As a preferred solution, a pivoting arm type axle box is used, and the axle box is connected to the end of the side frame of the frame through a pivoting arm and a series of steel springs, and the rigidity of the steel springs is two levels. The primary suspension of the bogie is positioned by the pivot arm of the axle box, and the pivot arm of the axle box is used together with a series of two-stage rigidity steel springs to ease the vertical impact, restrain the longitudinal and lateral movement between the axle box and the bogie, and transmit the lateral force. The lateral stability of the bogie is enhanced by increasing the primary longitudinal stiffness. Moreover, the boom positioning method has high-speed operation characteristics.

As a preferred solution, a series of vertical shock absorbers is arranged between the axle box and the end of the frame. Reduce a series of vertical vibrations to attenuate vibration energy.

As a preferred solution, the large beam of the frame is provided with a secondary rubber stack spring for connecting with the vehicle body.

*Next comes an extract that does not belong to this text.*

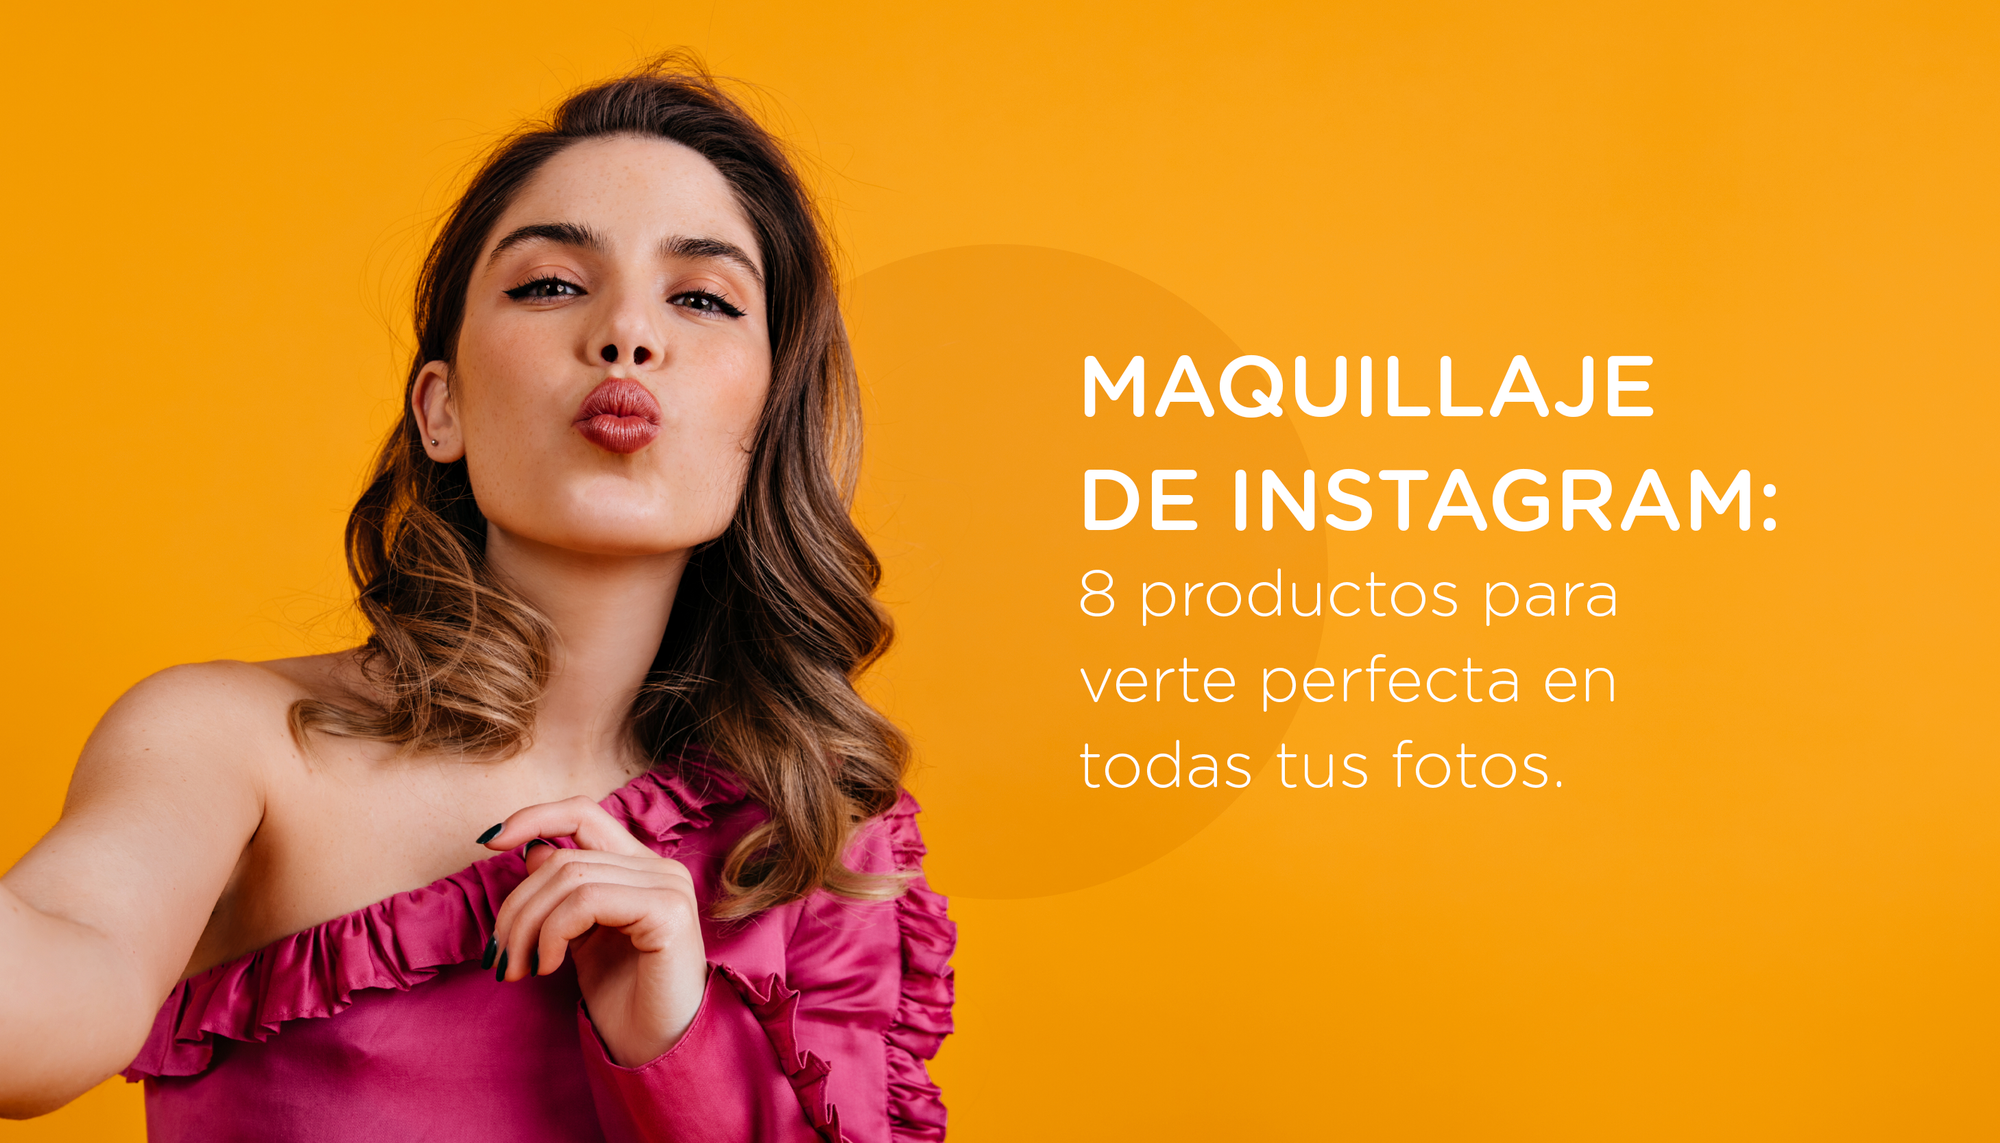 Maquillaje de Instagram: 8 productos para verte perfecta en todas tus fotos

It is used to connect the car body and frame, ease the disturbance from the wheel set, and help to improve the stability of the vehicle (especially the car body).

As a preferred solution, an anti-rolling torsion bar device is also provided, and the anti-rolling torsion bar device is composed of a torsion bar, a torsion bar arm and a connecting rod; the torsion bar passes through a small hollow beam, and the two ends of the torsion bar are located Two sides; the two ends of the torsion bar are connected with torsion bar arms, and the torsion bar arms are arranged longitudinally along the bogie; the ends of the torsion bar arms are connected with connecting rods for connecting with the car body, and the connecting rods are arranged vertically along the bogie. This solution can limit the roll angle of the vehicle body, so that the ups and downs of the vehicle body will not be affected.

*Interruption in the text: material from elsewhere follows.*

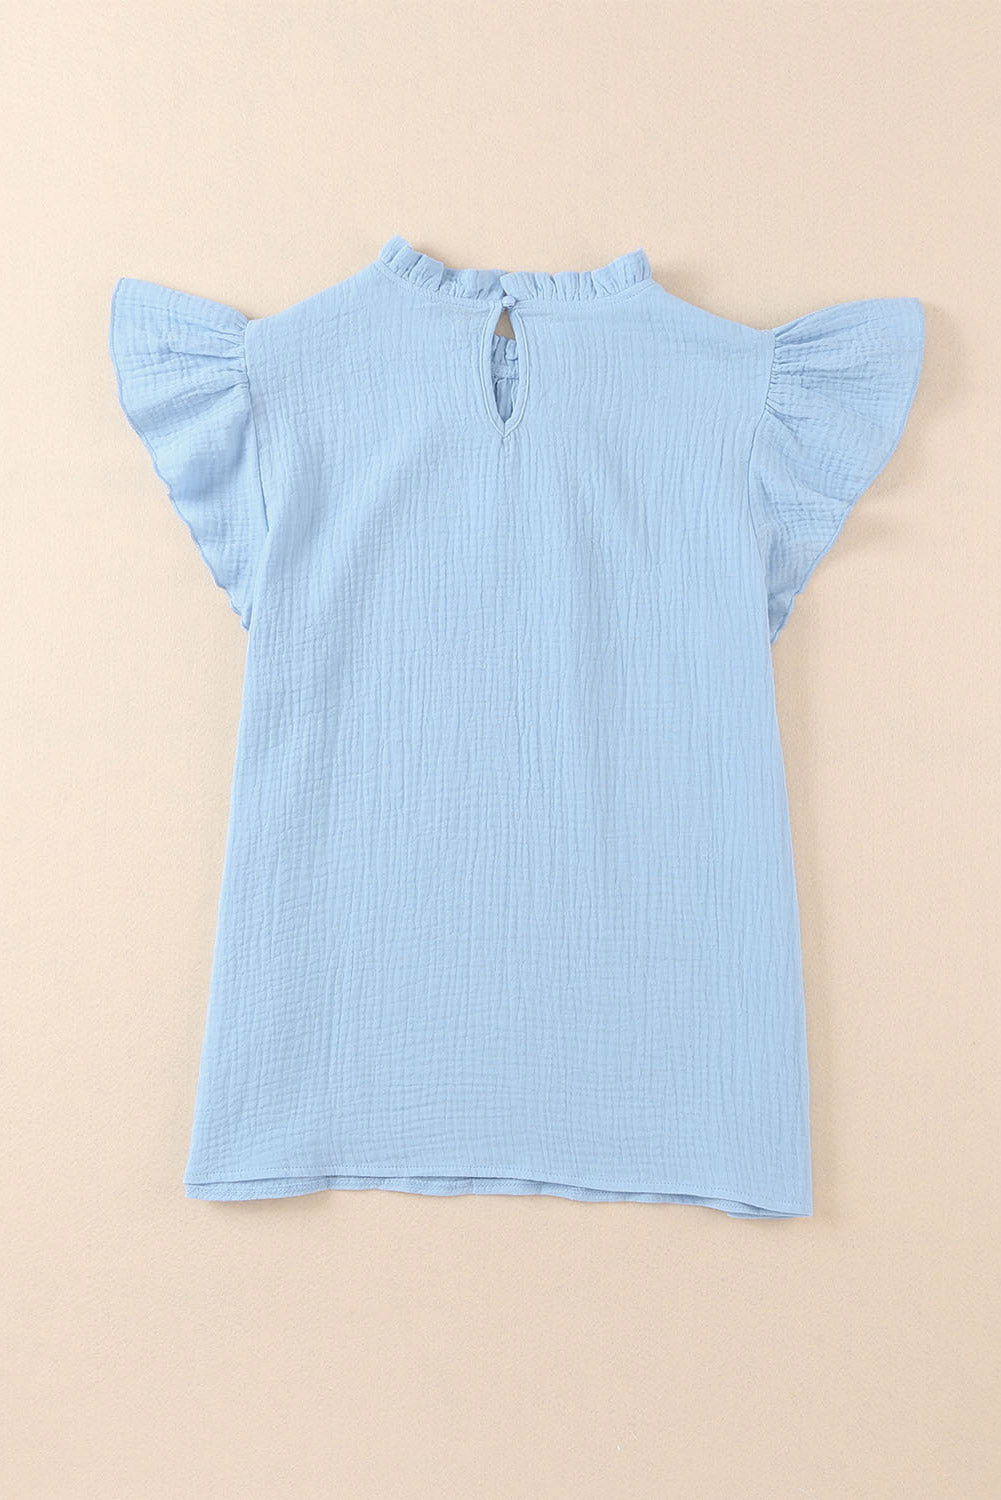 Himmelblaue, strukturierte Bluse mit Flatterärmeln und Rüschenkragen

As a preferred solution, the side frame of the frame is provided with a secondary vertical stop. When the vehicle passes through the curved track, it is beneficial to limit the maximum roll of the vehicle body, thereby improving the curve passing performance of the vehicle.

As a preferred solution, the side frame of the frame is provided with a secondary transverse stopper. When the vehicle passes through the curved track, it is beneficial to limit the maximum lateral displacement of the vehicle body, thereby improving the curve passing performance of the vehicle.

As a preferred solution, the large beam of the frame is provided with a traction rod for connecting with the vehicle body. It is used to connect the frame and the car body, and transmit the longitudinal force from the bogie to the car body.

As a preferred solution, a hollow axle is used, and a brake disc seat is arranged on the hollow axle for installing a brake disc to provide braking force. Railway wagons generally have solid shafts. Since this scheme is a high-speed truck bogie, hollow shafts are used, which is beneficial to reduce weight and run at high speed.

In summary, due to the adoption of the above technical solution, compared with the prior art, the utility model has the following beneficial effects:

First of all, the bogie adopts the positioning of the axle box pivot arm and the cross support of the wheel set, which reduces the longitudinal stiffness of the suspension positioning and effectively improves the vehicle's ability to pass through curves. At the same time, the bogie adopts H-shaped integral frame, anti-snake shock absorber and secondary transverse shock absorber, which effectively improves the serpentine movement stability and motion stability of the vehicle, thereby increasing the critical speed of the vehicle operation , to achieve a higher operating speed. The first series of the bogie adopts two-stage rigidity steel springs and the positioning method of the rotating arm, the second series uses rubber stacks, and a series of vertical shock absorbers are installed at the same time. It belongs to the category of high-speed truck bogies. obvious advantage.

Secondly, on the premise that the span of the secondary rubber spring is short, the bogie is equipped with an anti-rolling torsion bar device, which solves the problem of insufficient anti-rolling ability of the secondary suspension. The bogie is also designed with secondary vertical stoppers, traction rods, and wheel set cross support devices, which can significantly improve the curve passing performance of the truck, especially the anti-rolling torsion bar device and the secondary vertical stopper device, which overcome It is a bold attempt and innovation of the railway freight car bogie to solve the problem of insufficient anti-overturning ability of the axle box built-in bogie vehicle.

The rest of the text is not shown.